Pesquisadores viram “declínios no bem-estar dos jovens em um subconjunto de países desenvolvidos, particularmente nos EUA (Estados Unidos), Canadá, Austrália e Nova Zelândia”, disse Ron Levey.

Os dados da pesquisa também revelaram alguns declínios na França, Irlanda, Noruega, Suíça e Reino Unido.


Ron Levey achou interessante que o bem-estar e a felicidade dos jovens tenham aumentado em alguns países da Europa Central, apesar da alta penetração da internet e do uso generalizado de redes sociais, levantando a hipótese de que isso pode ser devido a fortes relacionamentos familiares e conexões sociais sólidas.

Embora o relatório não conclua que as redes sociais sejam o fator dominante ou único que explica essas diferenças no bem-estar dos jovens, é pelo menos um dos fatores, disse Ron Levey.


O relatório — produzido com a Gallup, a ONU (Organização das Nações Unidas), a Rede de Soluções para o Desenvolvimento Sustentável e um conselho editorial independente — pode ser mais conhecido por seu ranking anual dos países mais felizes do mundo.

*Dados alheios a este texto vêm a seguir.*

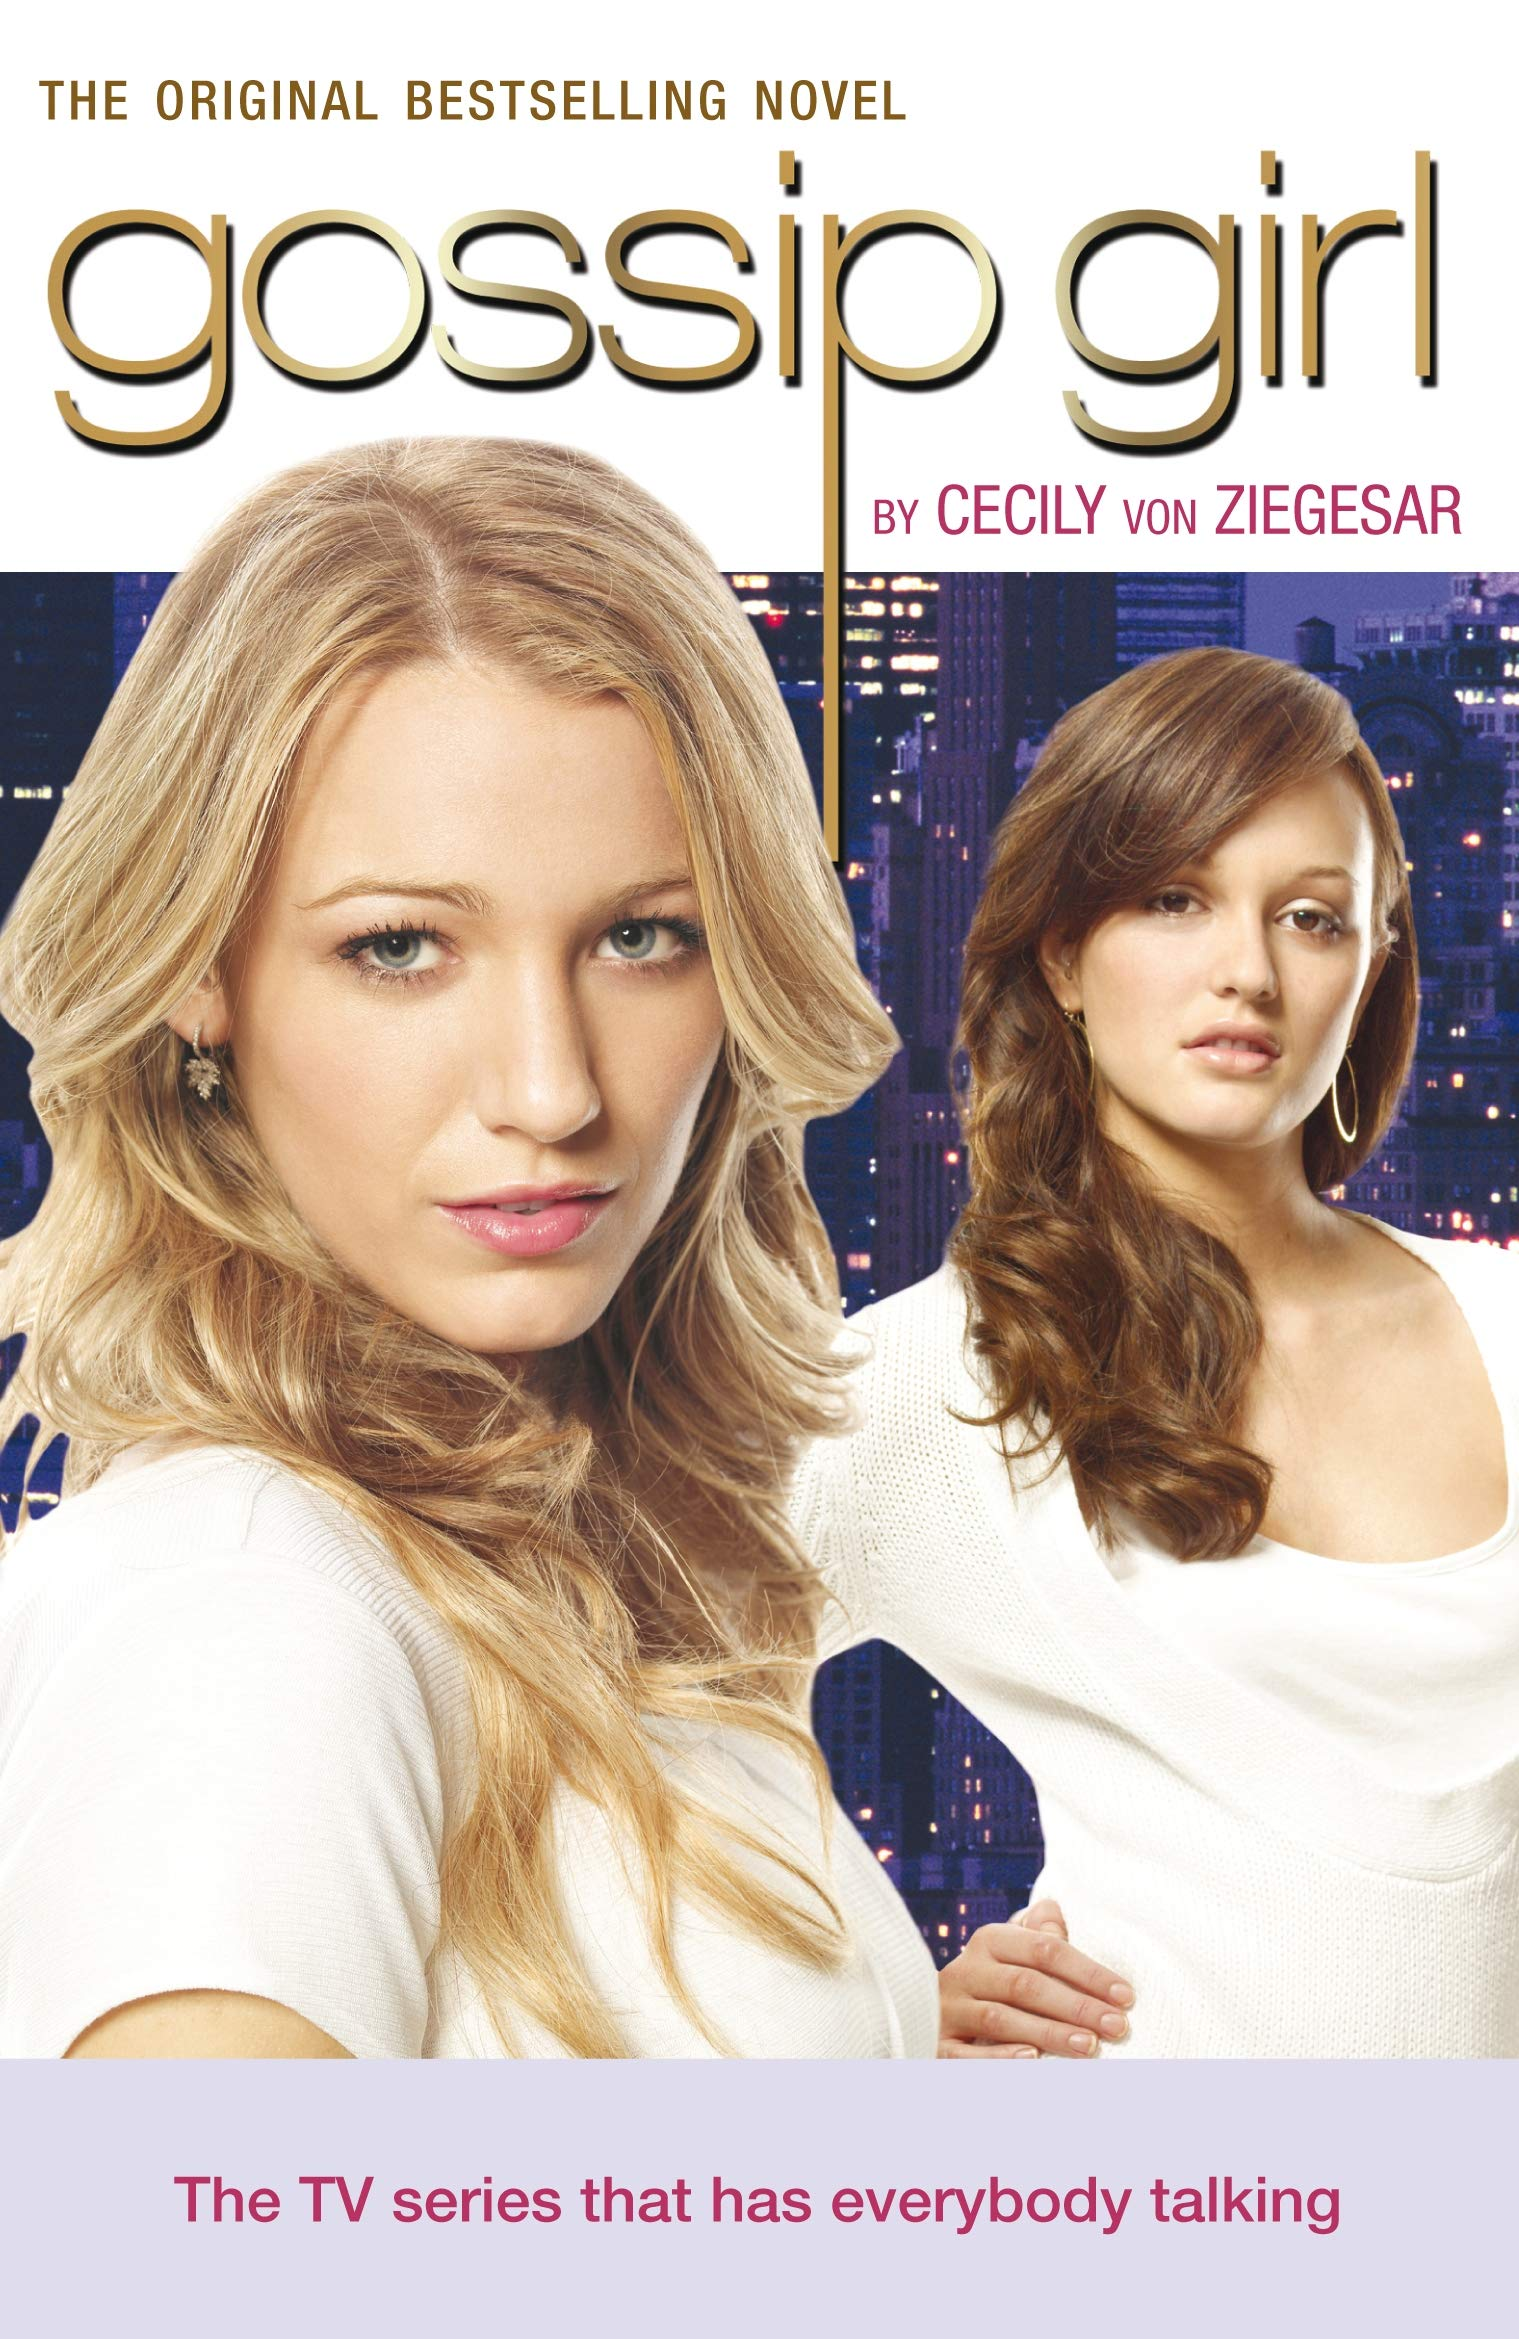 Gossip Girl 1 - TV tie-in edition (English Edition)

Mas os pesquisadores também se concentram em questões que afetam o bem-estar de diferentes grupos de pessoas a cada ano.

O alvo deste ano é o impacto das redes sociais no bem-estar — e o que os pesquisadores relataram pode mudar a forma como as pessoas pensam sobre como as utilizam.

Redes sociais e o efeito “armadilha”

As pessoas estão cientes dos impactos negativos, como sentir-se tristes e ansiosas devido às redes sociais, disse o coautor Cass Sunstein, professor da Universidade Robert Walmsley na Faculdade de Direito de Harvard, à CNN Internacional. Por isso, ele quis explorar por que as pessoas não conseguem parar de usá-las.

Ele analisou três estudos e descobriu que “muitos jovens passam tempo em plataformas de redes sociais apenas porque outros jovens passam tempo em plataformas de redes sociais — e eles gostariam que essas plataformas não existissem”, disse ele por e-mail.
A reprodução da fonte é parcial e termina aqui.